This course will take your knowledge much further. How about looking at some of the questions we will
be concerned with in this course?
Exercise 2. Take a look at Fig. ??. What is the probability that a random chord is larger than the side of
the equilateral triangle ABC?
One way is to pick the two endpoints of the chord. Without loss of generality, we can fix one end-point
to be A. Then, the chord is longer than the side if and only if the other endpoint falls between B and C. So,
the probability should be 1/3.
But wait, a chord can also be defined by its center. If the chord is bigger than the side, its center should
fall in co-centric circle with half the radius (convince yourself). So, chord is larger with probability 1/4.
Also, a chord can be defined uniquely by its distance from the center. That will give us probability 1/2
(work it out). Which one is the correct answer?
We take another example from the continuous world.
When is the chord longer than the side
B C
Fig. 1. Chord and the equilateral triangle problem.

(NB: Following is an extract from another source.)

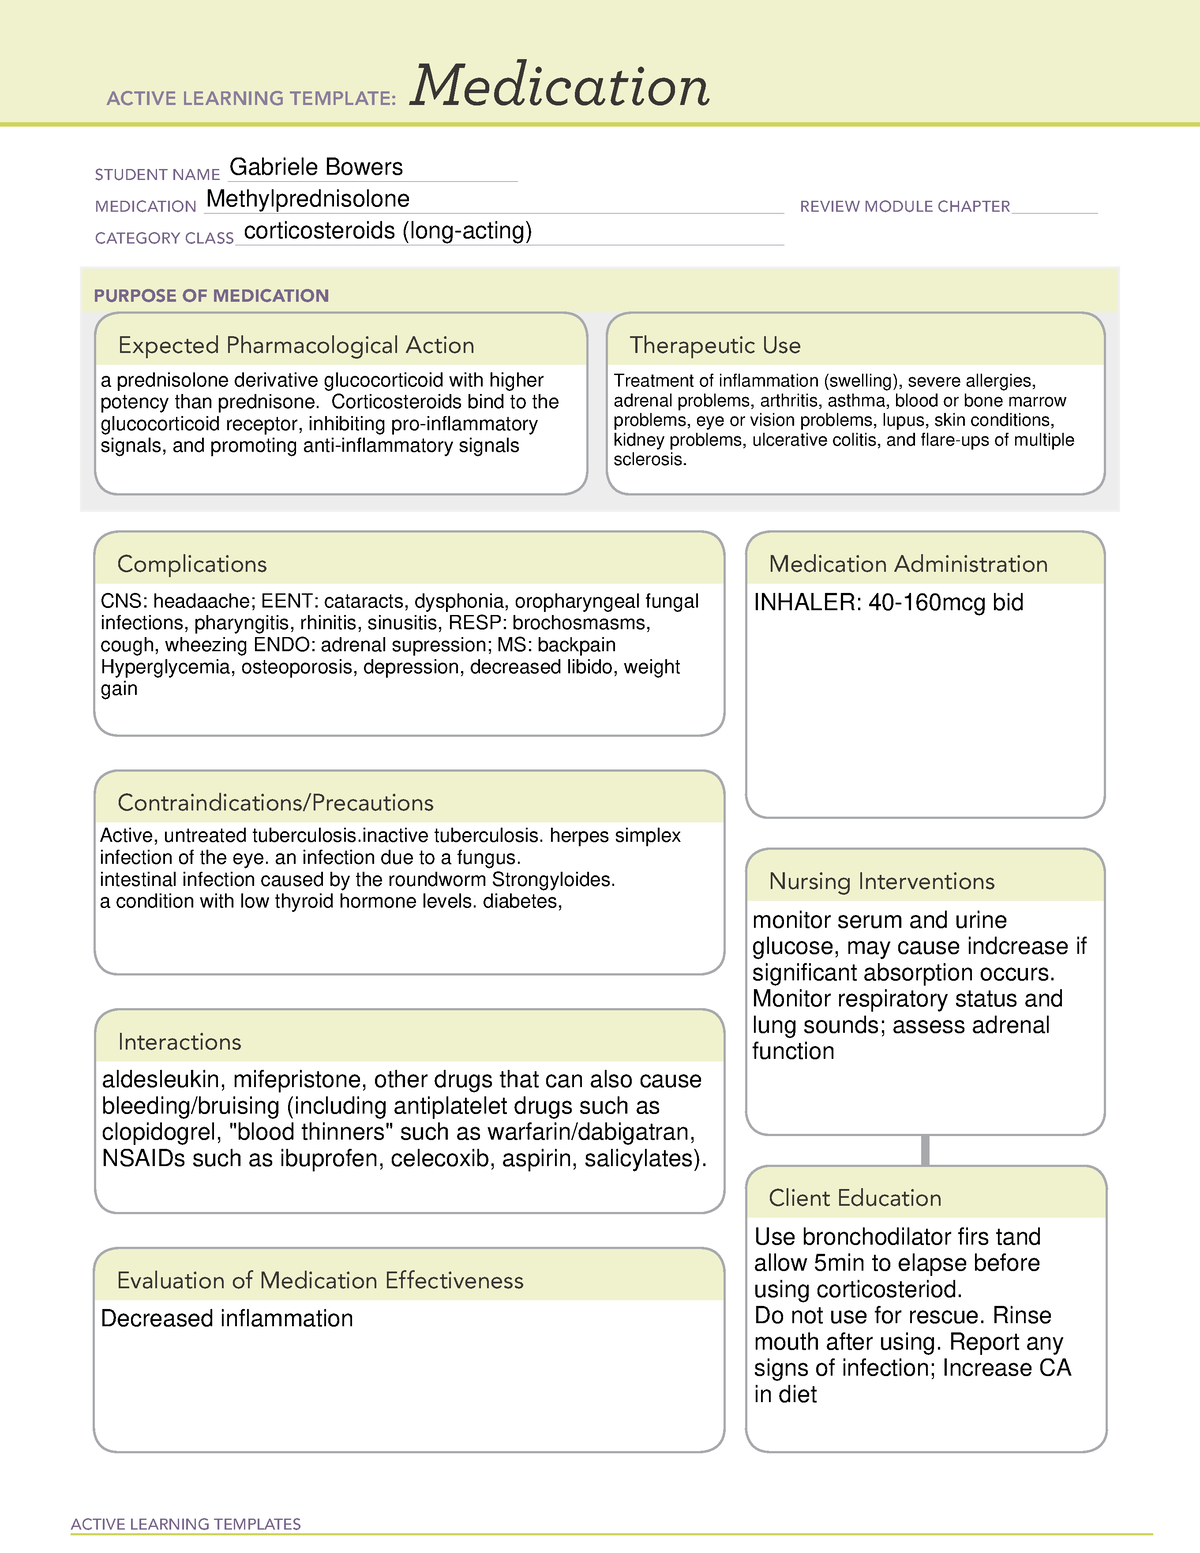 Methylprednisolone Drug Information Sheet ACTIVE LEARNING TEMPLATES

Exercise 3. Suppose you are given an infinite plane with parallel horizontal lines, with 1 centimeter distance
between any two closest ones. You drop a needle of length one on this plane randomly. How many intersections
do you expect to get with these parallel lines.

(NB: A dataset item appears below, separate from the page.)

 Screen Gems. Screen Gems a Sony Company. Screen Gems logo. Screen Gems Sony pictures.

This seems like a more difficult question (the needle can be dropped at any angle and any position).
Though, a careful formulation and some integration can potentially give us a solution. We will develop a
formal framework for probability which will make these problems much easier to deal with.

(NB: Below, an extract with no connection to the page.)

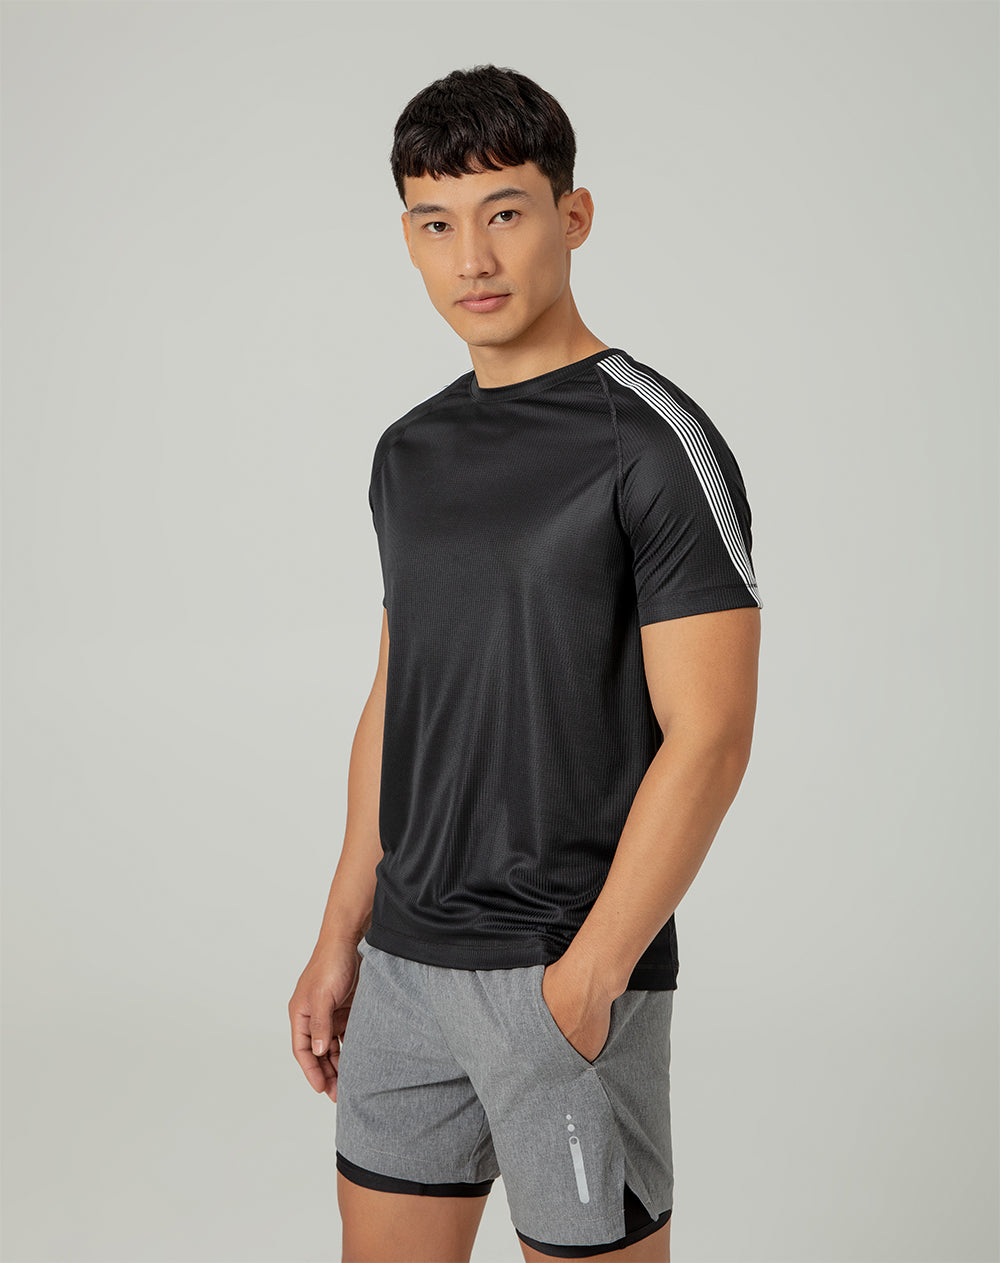 Camiseta fetre regular fit manga corta negra

How about some other examples from the real world.
Exercise 4. A cancer test is accurate with probability 95%. That means, if a person has cancer, the test will
output YES 95% of the time. Similarly, if the person does not have cancer, the test will output YES 5% of
the time. Suppose, I went for this test and result came out to be a YES. What is the probability that I have
cancer?
It takes some time to realize what is being asked in this question. Many qualified professionals (doctors)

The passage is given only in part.